The things we didn't know before we became moms

Motherhood is one of the most grandiose, intense and destabilizing experiences a woman can have in life. The months after the birth are unique, difficult, sometimes very hard. There are things that no pre-birth course can prepare for and emotions so deep that it is difficult to understand them from a voice other than your own.
We've been there. Each of us has a different story from the other.
There are things we didn't know before. Of course, we want to tell you a few.
 
1. You learn how to be a mother
Maternal instinct is natural. Giving birth is natural. Breastfeeding is natural. Breathing is natural, yet a baby cries the first time he feels the air in his lungs. The fact that these things are biologically possible does not mean that they are easy, nor right for each of us. Expectation can be stressful, giving birth hurts, the postnatal period is often painful, breastfeeding takes commitment and caring for a baby is a huge responsibility. Every woman experiences these moments in a different way but becoming a mother catapults us into an unknown territory, made of surprises and unexpected, joys and sorrows, hilarious and other terrifying moments.. 

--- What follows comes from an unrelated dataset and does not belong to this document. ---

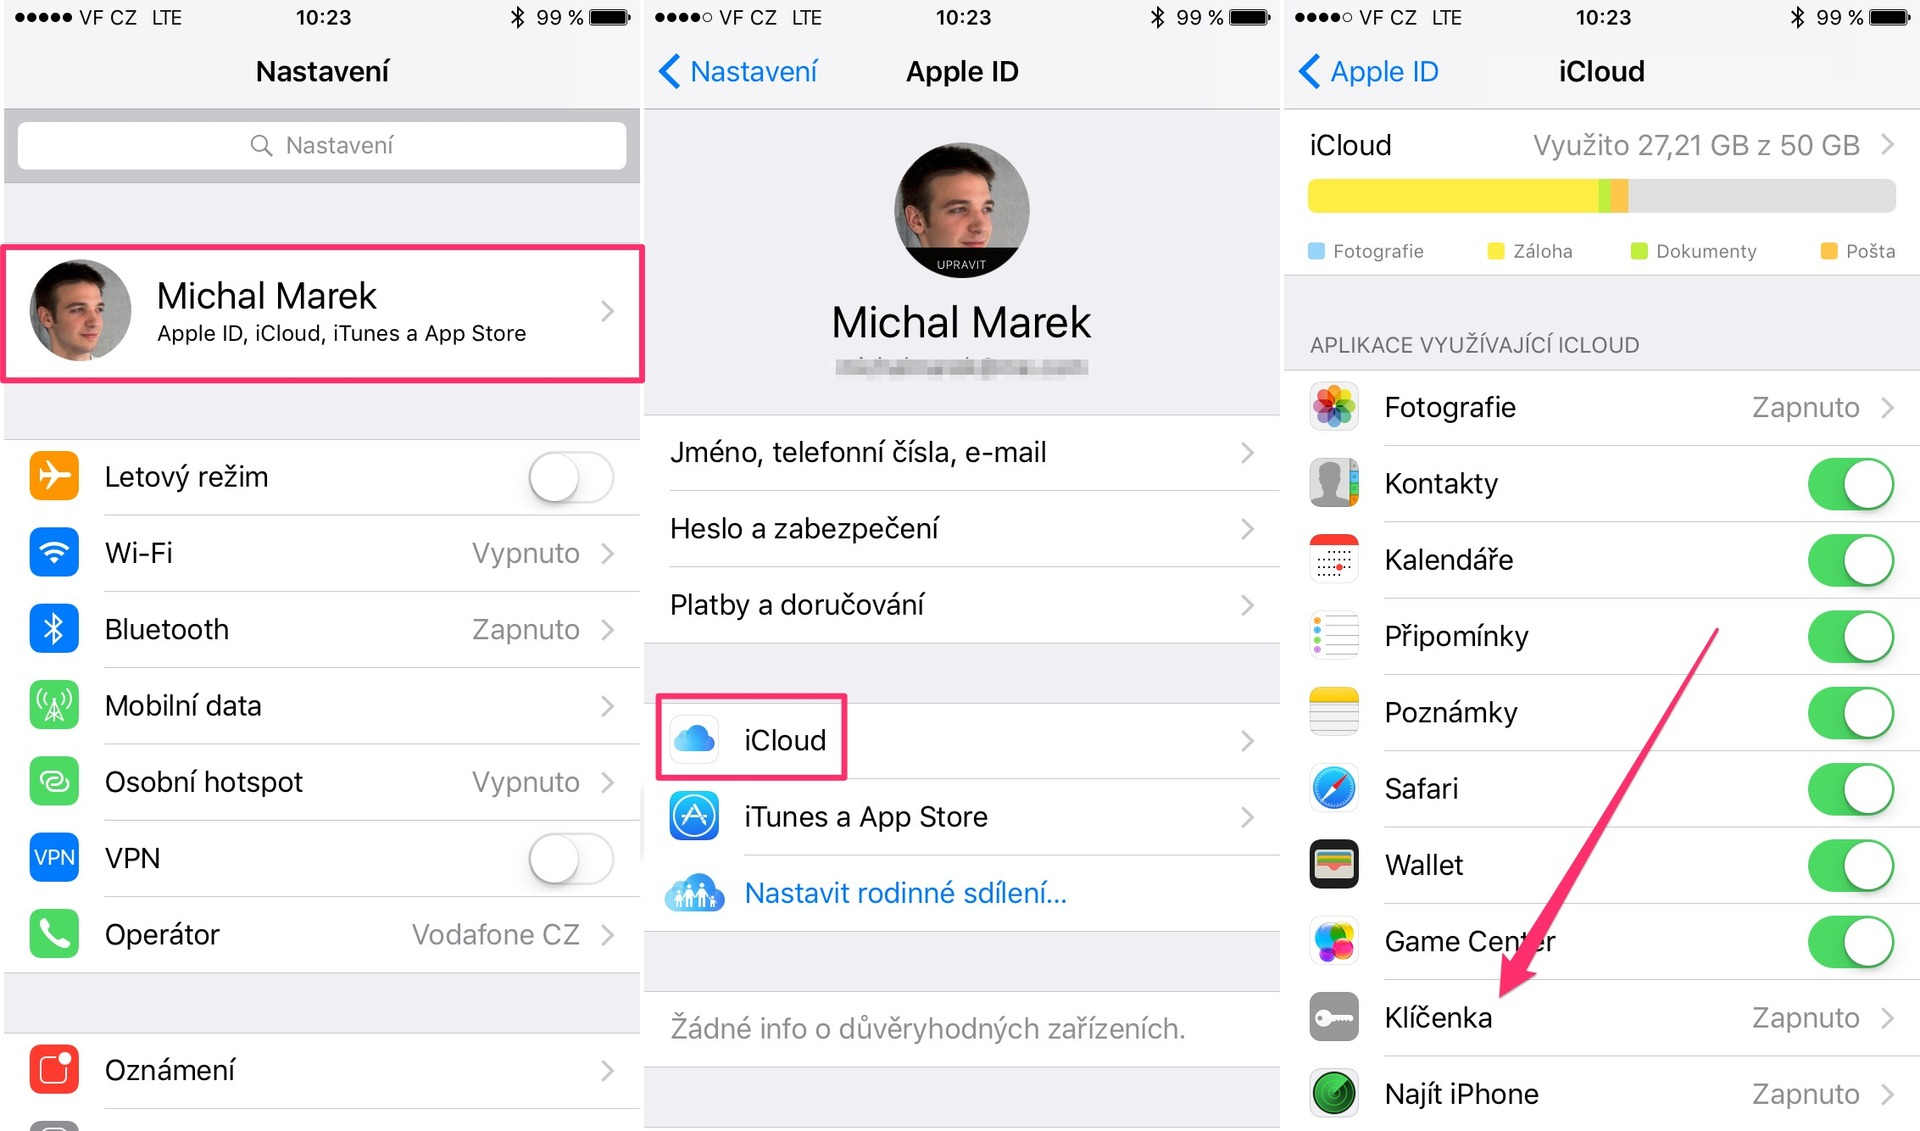 iCloud keychain 1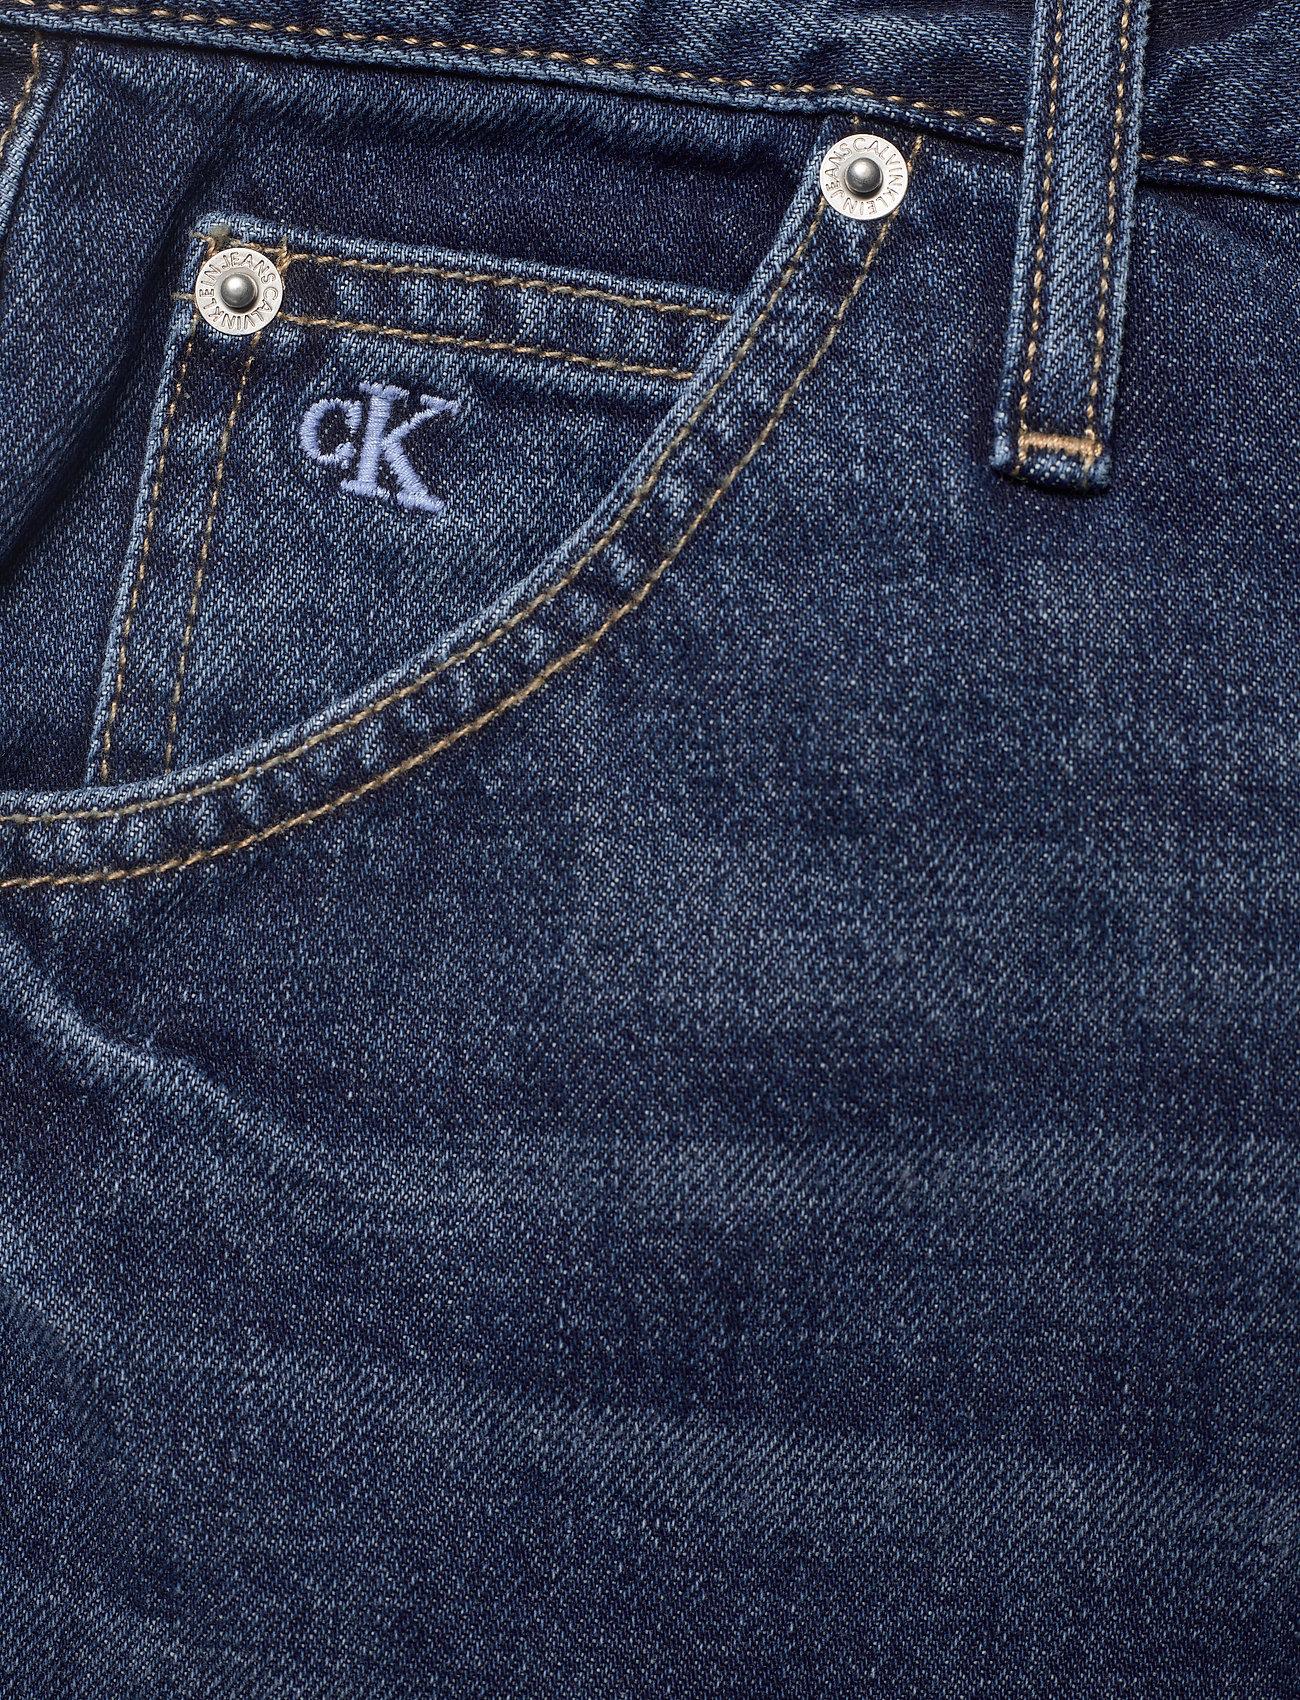 Calvin Klein Jeans - MOM JEAN - straight regular - bb139 - dark blue utility - 2

It is not enough to give birth to become a mother. Every woman must find her own way of being a mother, create the rhythm. Like anything in life, it is learned and takes time.
 
2. At first you feel alone, even if you never arei
Since your child is born, moments of solitude are very rare, at least during the first months. Yet this is the period in which melancholy makes itself felt stronger and often catches completely unprepared. The truth is that you are not alone and you never will be, but in more than a few moments you will have to appeal to your ability to be self-sufficient and remember that it will soon pass. Because it will pass. Pacing your day by going out and seeing other people can make a difference, look for other mothers to share a walk, a coffee or a chat with. You are not the only ones who feel this way, you are not alone.
 
3. Taking care of yourself is as important as taking care of your baby
During pregnancy the whole world is very interested in how you are, if you sleep, if you eat. After giving birth, the focus shifts to the baby and you will need to make an effort to remind yourself that you have the right to continue having needs and wants even if you have become a mother. Your child's well-being depends on yours. The body of a new mother not only needs to maintain a minimum satisfaction of basic functions such as eating and sleeping but also needs to recover from pregnancy and childbirth which, although foreseen by nature, rarely pass without leaving marks. Taking care of yourself does not mean taking energy away from the newcomer. Needing help doesn't mean you're not up to par. If your partner does not realize the situation, explain it to him calmly. If no one offers you help, ask for it. Grit your teeth and do your best. Perfection does not exist and your baby will be happier with the smile you give him after you leave 10 minutes with his dad to take a shower rather than your frustration at never giving yourself a moment.e.
 
4. Guilt becomes an integral part of life
The important thing is not to be overwhelmed. A mom feels guilty almost constantly. If there is, if there is not. If you are breastfeeding, if you don't. If he works, if he doesn't work. If he gets angry, if he lets it go. If he loses his temper. If it doesn't do enough, if it does too much. Each of us tries to be the best version of ourselves for the people we love, especially for our children, but life continues to be made up of choices, mistakes and trials. You can't escape the sense of guilt, you learn to live with it. No mom is perfect, all moms are just women who give their all.a.
 
5. We are women and men, before mothers and fathers
Becoming a parent changes your life. The person you were before, however, does not cease to exist. His emotions, his problems, his strengths and his weaknesses continue to exist. Becoming a mother is like choosing a road at a crossroads, but the person who walks is always the same. Likewise, becoming a father will not erase all of your partner's flaws. If you used to fight, you will fight more. If you like to travel, you will also want to do it with your children. Remembering that there are people within us makes us more real, stronger and perhaps even better parents.